▸ The data:
-- Opening Marker --

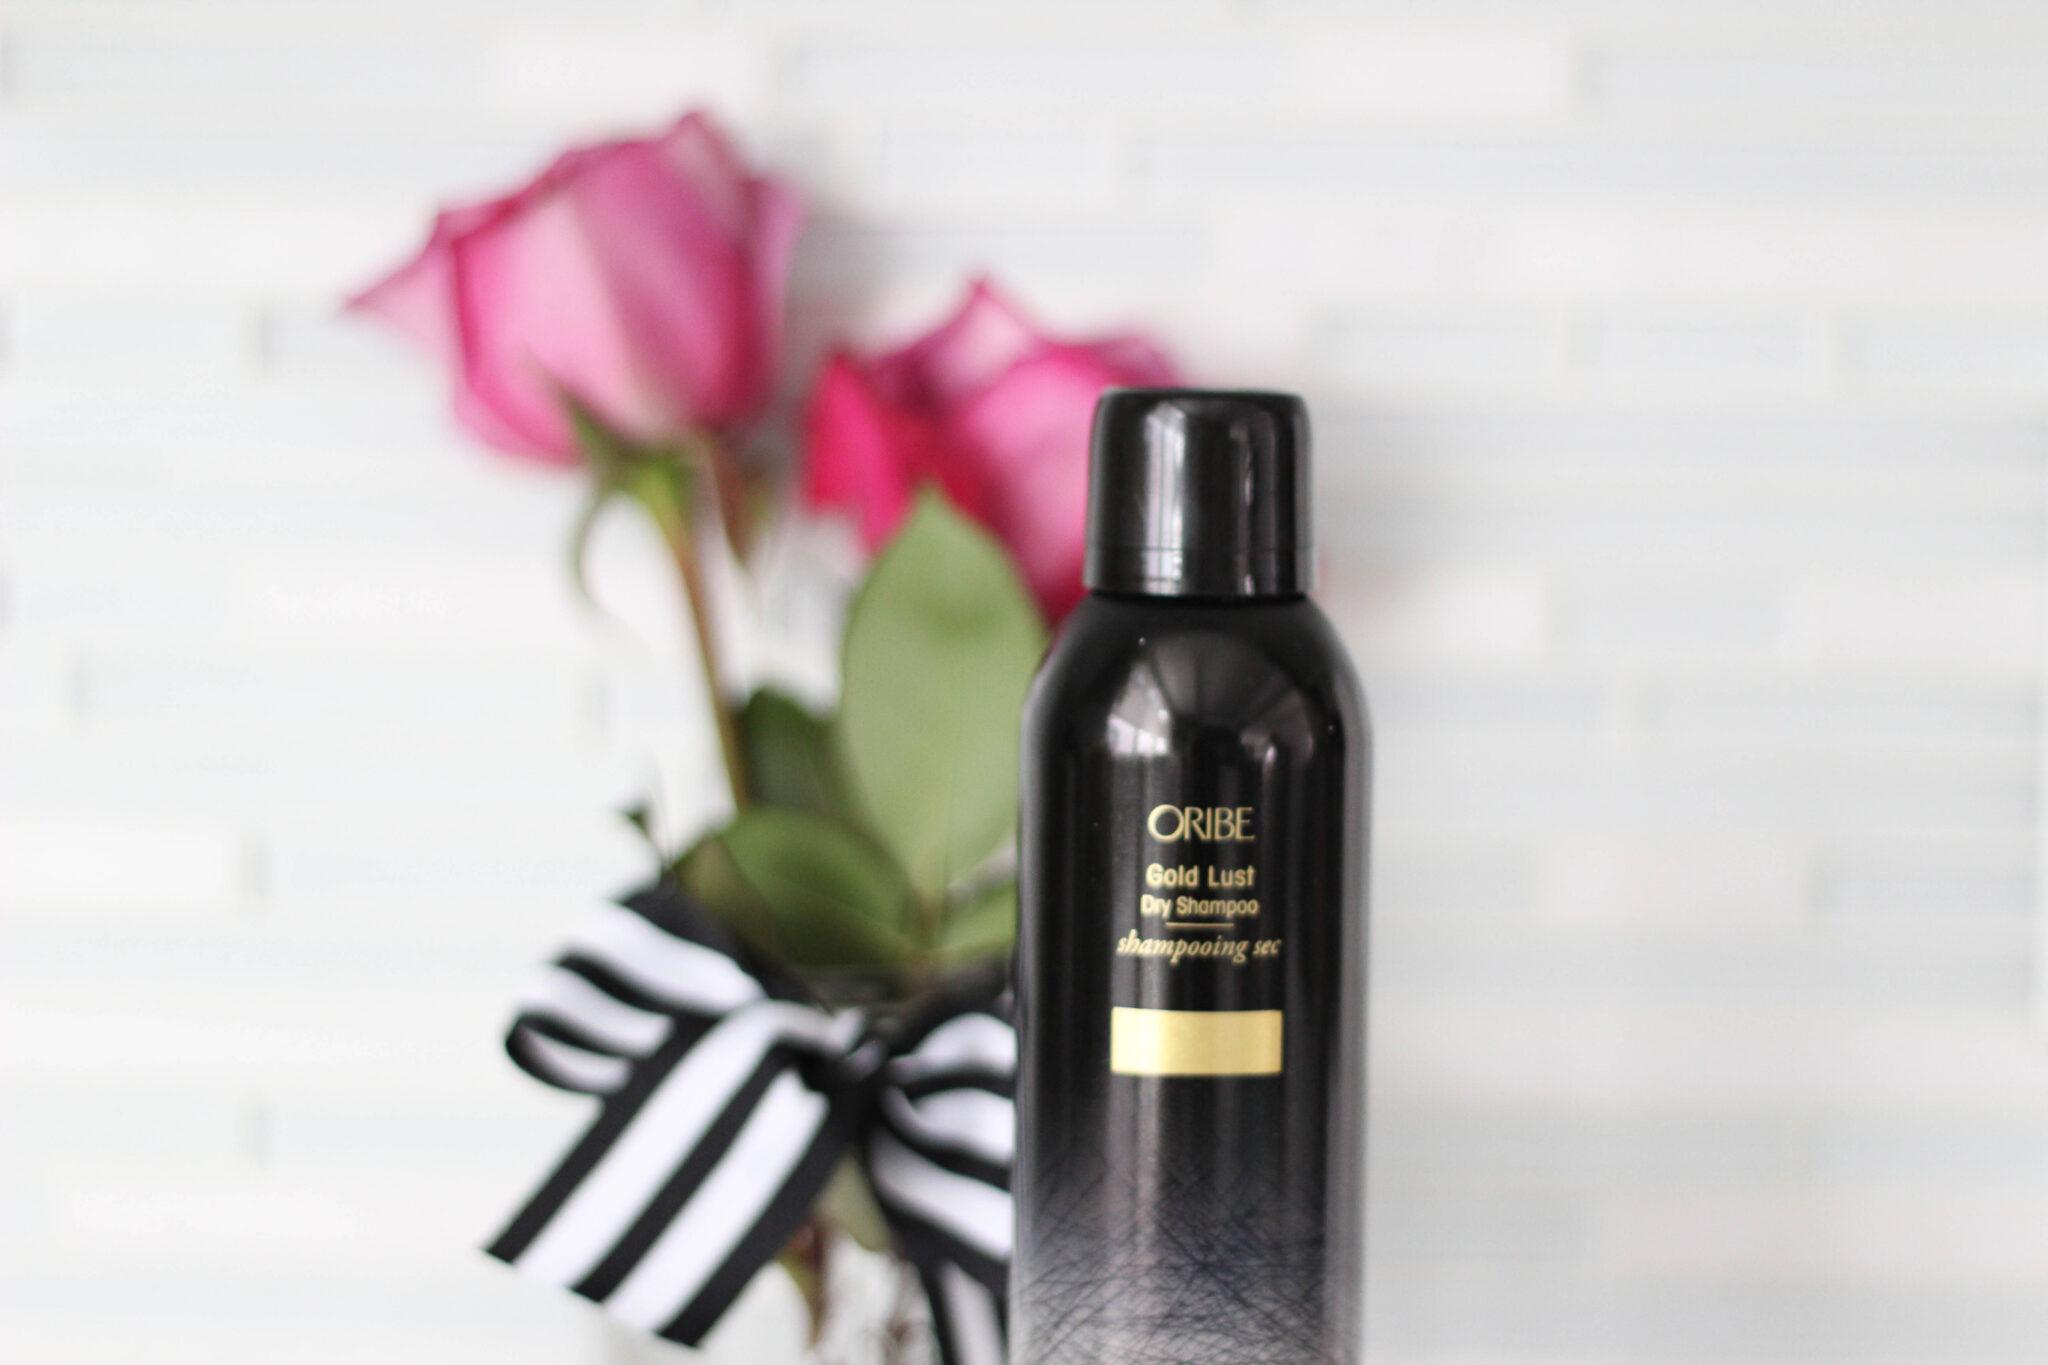 how to use dry shampoo - oribe gold lust dry shampoo
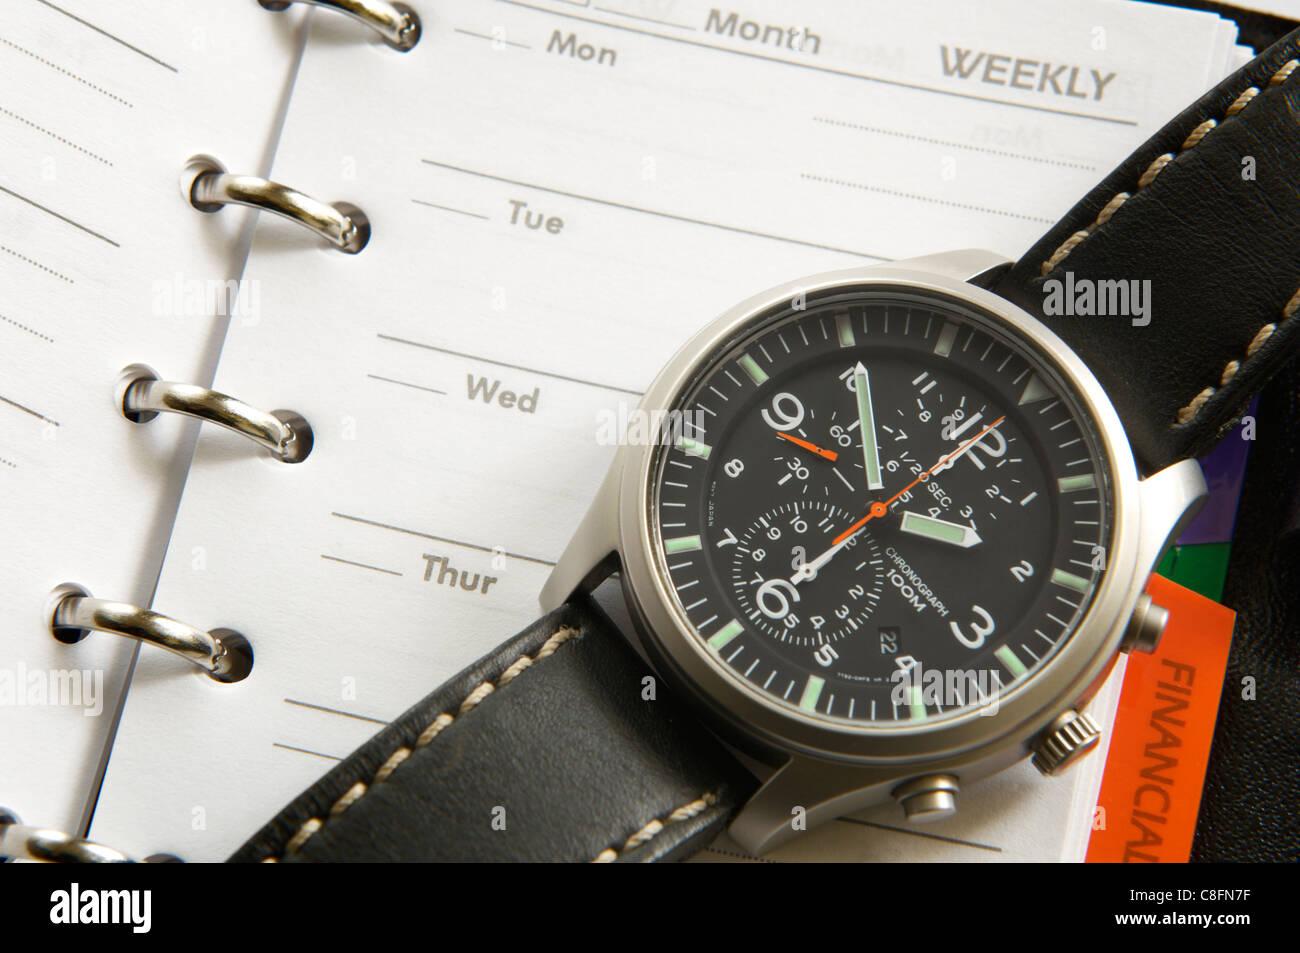 Macro photograph of an organizer and wrist watch - Stock Image
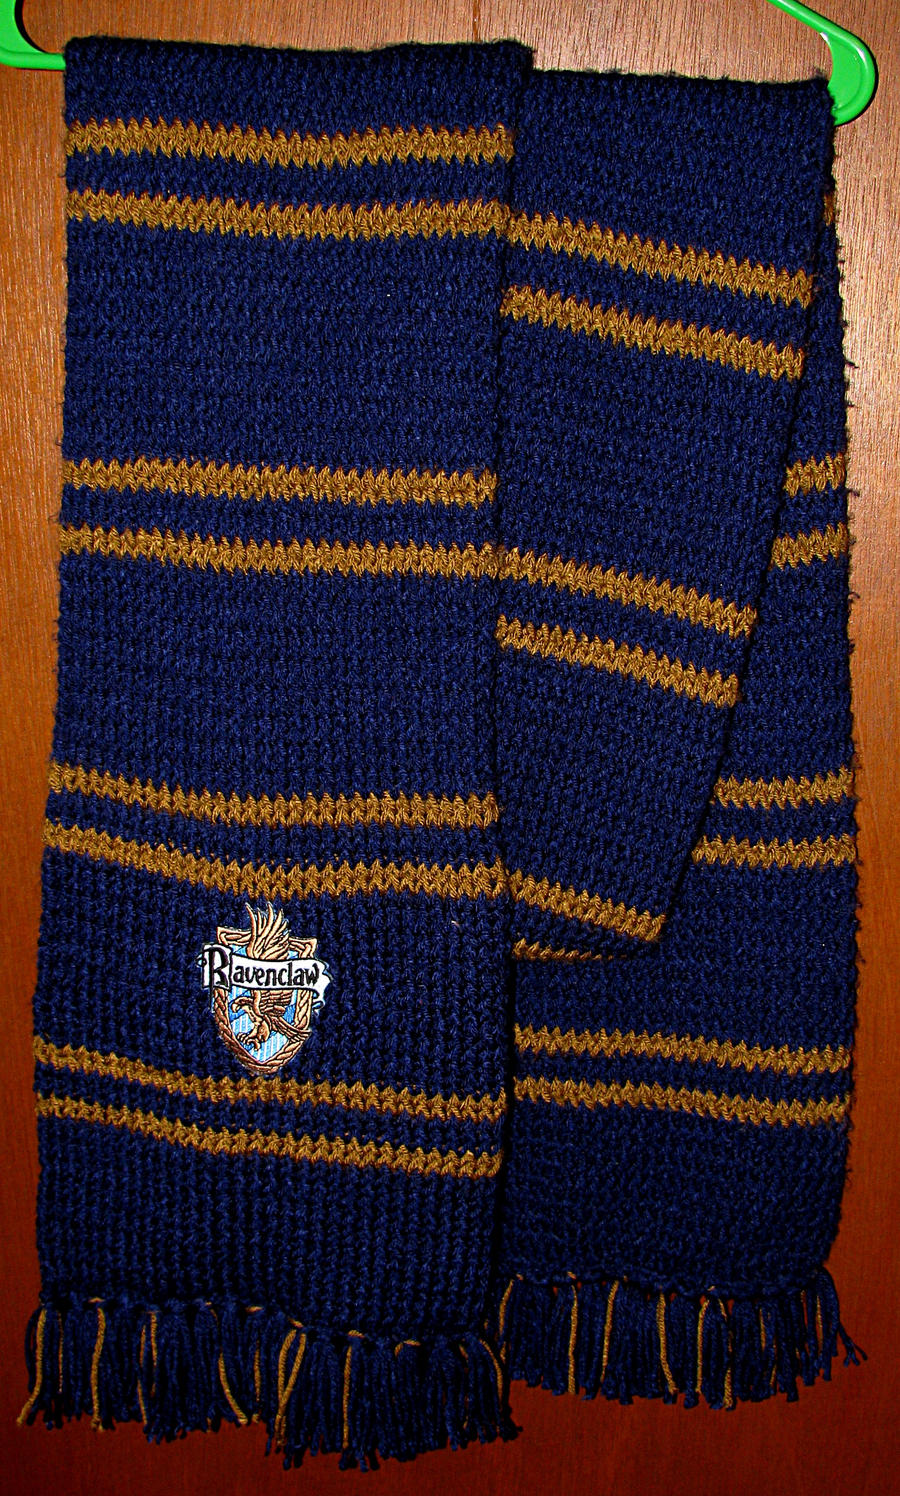 Ravenclaw Scarf Knitting Pattern : Hogwarts Scarf Type 2 - Raven by gabiemiller on DeviantArt
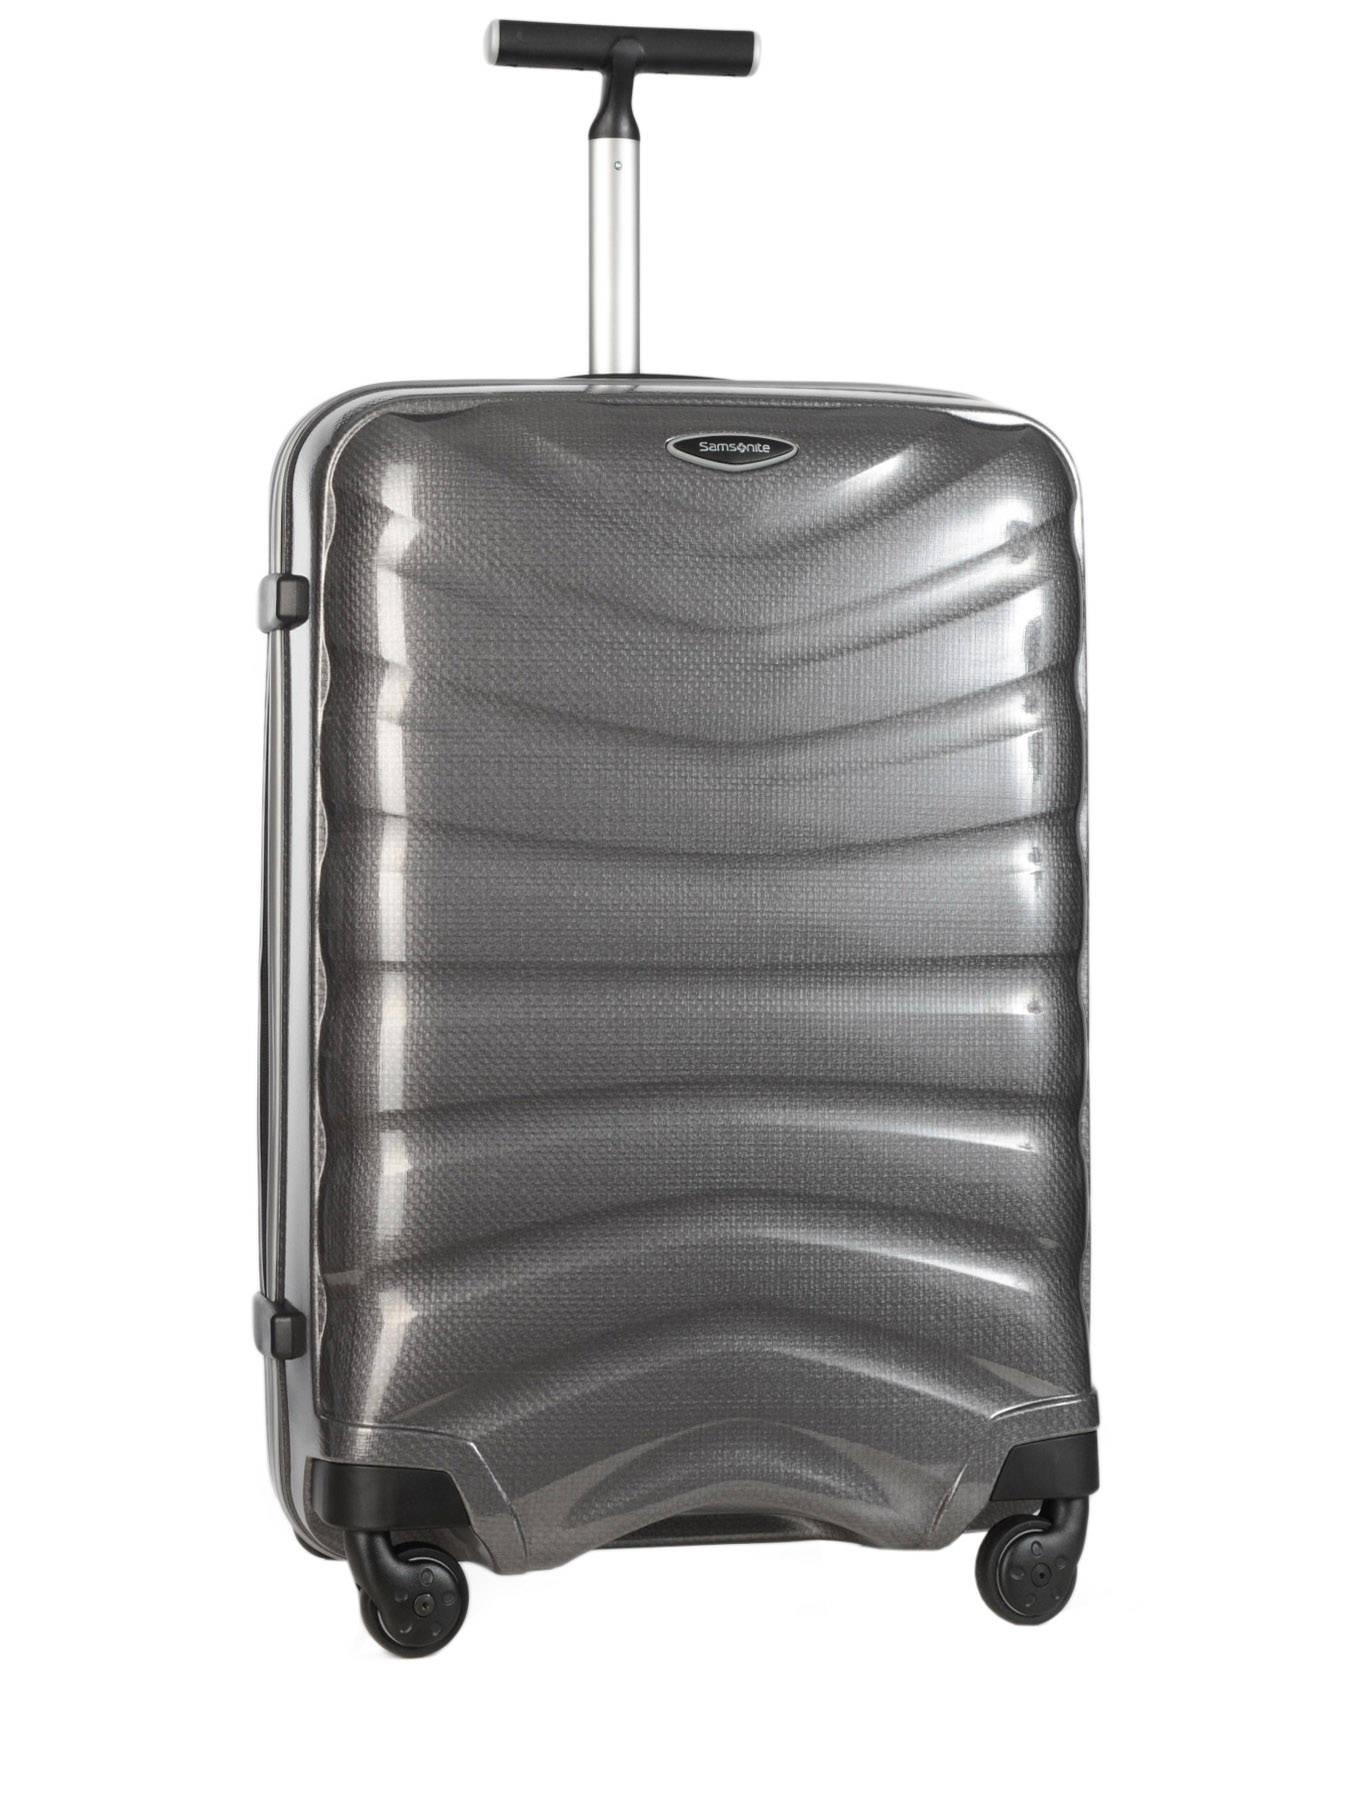 valise rigide samsonite firelite firelite en vente au. Black Bedroom Furniture Sets. Home Design Ideas

-- Closing Marker --

▸ Your objective:
Pictures aside, return all of the material exactly as written.

▸ Task result:
 how to use dry shampoo - oribe gold lust dry shampoo
 Macro photograph of an organizer and wrist watch - Stock Image
 Ravenclaw Scarf Knitting Pattern : Hogwarts Scarf Type 2 - Raven by gabiemiller on DeviantArt
 valise rigide samsonite firelite firelite en vente au. Black Bedroom Furniture Sets. Home Design Ideas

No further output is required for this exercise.